Today, I was supposed to be married and on my honeymoon.
If I’m going to be really honest with myself, it was never going to happen. But, theoretically, that was the plan. I wish I could be enthusiastic, encouraging and uplifting. I really do. That’s who I wish I could be right now. I wish I could give you hope and pretend that I’m okay and that hard days like these aren’t that bad. You know, “The sun will come out tomorrow…” and all of that jazz.
But, that wouldn’t be honest either.
I’ve had a couple of really rough days one after the other. I got hit in the face with a coffee mug yesterday, my child decided he wouldn’t take naps anymore because climbing out of his crib was too exciting, I was bit and screamed at in the middle of Target while being stared at by everyone at the registers, my toddler dropped an eight-pound dumbbell on my toe and now it is bleeding everywhere and my toenail is about to fall off, I was turned down for my fiftieth job wihout even the chance at an interview and, on top of all of that, I will have to sit in a “divorcing parents seminar” for five hours with my ex tomorrow. Even though I grin and bear sitting with him for thirty minutes so I can supervise visitations with my son (no one else will do it because they all despise him), five hours is a long time.
Basically, life is REALLY difficult at the moment.
I think every single parent has days like these. Days where it feels like it is too hard, exhausting and impossible. Days where you really wish you could sleep through the night like the rest of the world or have a break for one hour, that there would be someone who would be willing to do that for you. But, as much as I would love to tell you that it gets easier, it doesn’t. You will always have days like this. They will always be horrible when they come and you will beg for bedtime to come so you can get a minute of peace.

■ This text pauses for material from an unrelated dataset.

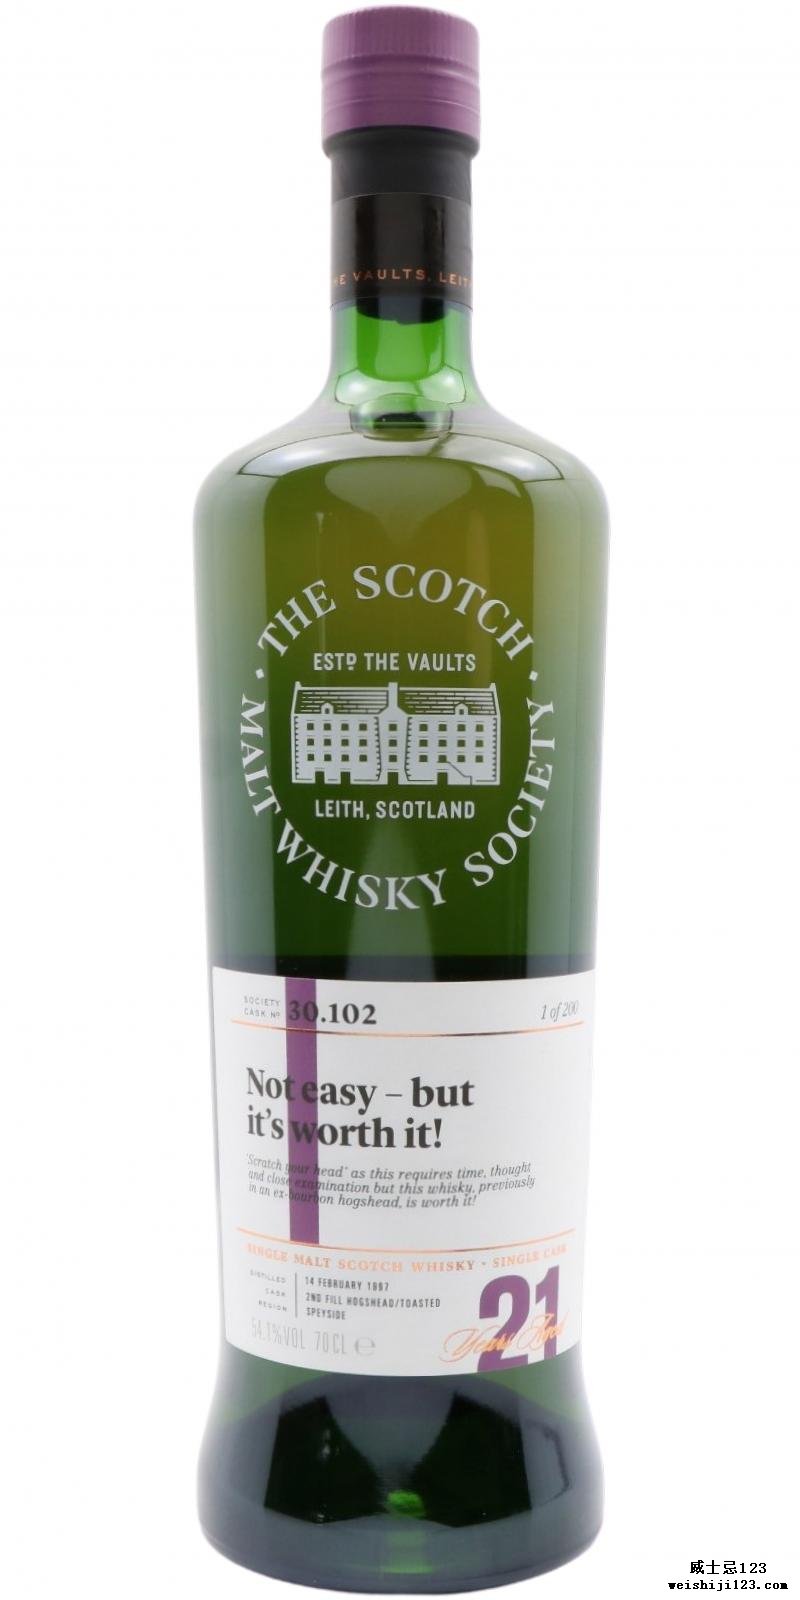 Glenrothes 1997 SMWS 30.102

In the beginning, when the bad days happened and my child was being crazy, I had tons of homework, little to no sleep and was trying to make ends meet without child support, I would scream at God. I would be in my bed, tears streaming down my face, and have my voice echoing off every surface in my skull. I felt like my head was vibrating from my desperate, angry prayers. I would cry out,
“You promised you would never give me more than we could handle, but I can’t handle this!”
Over. And over. And over again. It didn’t seem fair. None of it did. Why did I have to go through abuse? Why did I have to be a single mom? Clearly, it was more than I could handle. If I was as strong as I needed to be, then I would not feel that low and He would have at least healed my shrieking baby’s cold. Sooner or later, the streak of bad days would end and I would feel better, stronger, and more capable. But, it still made me angry because 1) I didn’t think that I deserved all the things that had happened to me and 2) In my opinion, he wasn’t keeping his promise.
God never said he wouldn’t give us more than we can handle, right? Nope. He never said that.
1 Corinthians 10:13 is where this faulty idea came from, as it was taken out of context: “No temptation has overtaken you but such as is common to man; and God is faithful, who will not allow you to be tempted beyond what you are able, but with the temptation will provide the way of escape also, so that you will be able to endure it.” So, God won’t give us more TEMPTATION than we can handle. Everything else, totally out of bounds of this promise. I think this false promise that I was holding onto in some ways made me weaker. I was crying out and accusing God of breaking a promise that he never made.
Honestly, I think we are supposed to have hard times. I think that we need them.
No, I’m not a masochist. No, I don’t enjoy crying my eyes out over the dishes while screaming in my head that I can’t handle my life. I don’t think anyone does. However, how many times do we cry out to God in the good times?
When things are going well, we have a tendency to forget to praise God. We are enjoying our lives! Or, I just kind of read my devotional, let it roll off and then go to bed. When I have days like these, I cling to my Bible. I am on my knees, begging God to let me be closer to him. These times build my faith and allow me to see the bigger picture when I am out of them. I appreciate the ethereally happy times because I have truly tasted what gut-wrenching sorrow is. I can enjoy feeling peaceful because I have been majorly stressed out. And, above all, my faith is stronger in God and myself because at the end of the day, at the end of the truly bad times, I have survived.
I have made it.
So, no. Today wasn’t good. Neither was yesterday or the day before that. And I really, really hate thinking about what this day could have been and the breakdown that came with that. I don’t have any funny stories about my life to tell and, if I did, I wouldn’t be in the mood to tell them as my toe feels like it is falling off. But, I do have hope. I have hope that I am going to wake up and things are going to be better in the morning. I know that, at some point, something has got to give and things will get better. I will feel better and happy again. I also know, that even if it feels like He is worlds away right now, God has got my back. And so do my wonderful friends and family.
God might give us more than we can handle as single parents. He gives everyone more than they can handle some days. But, next time we will be able to handle more and our faith will be stronger. We just have to hold on to the hope that things are going to get better, no matter how hard our present circumstances are.
P.S: I also recommend eating tons of carbs and chocolate. That seems to make me a little happier, even on the worst of days!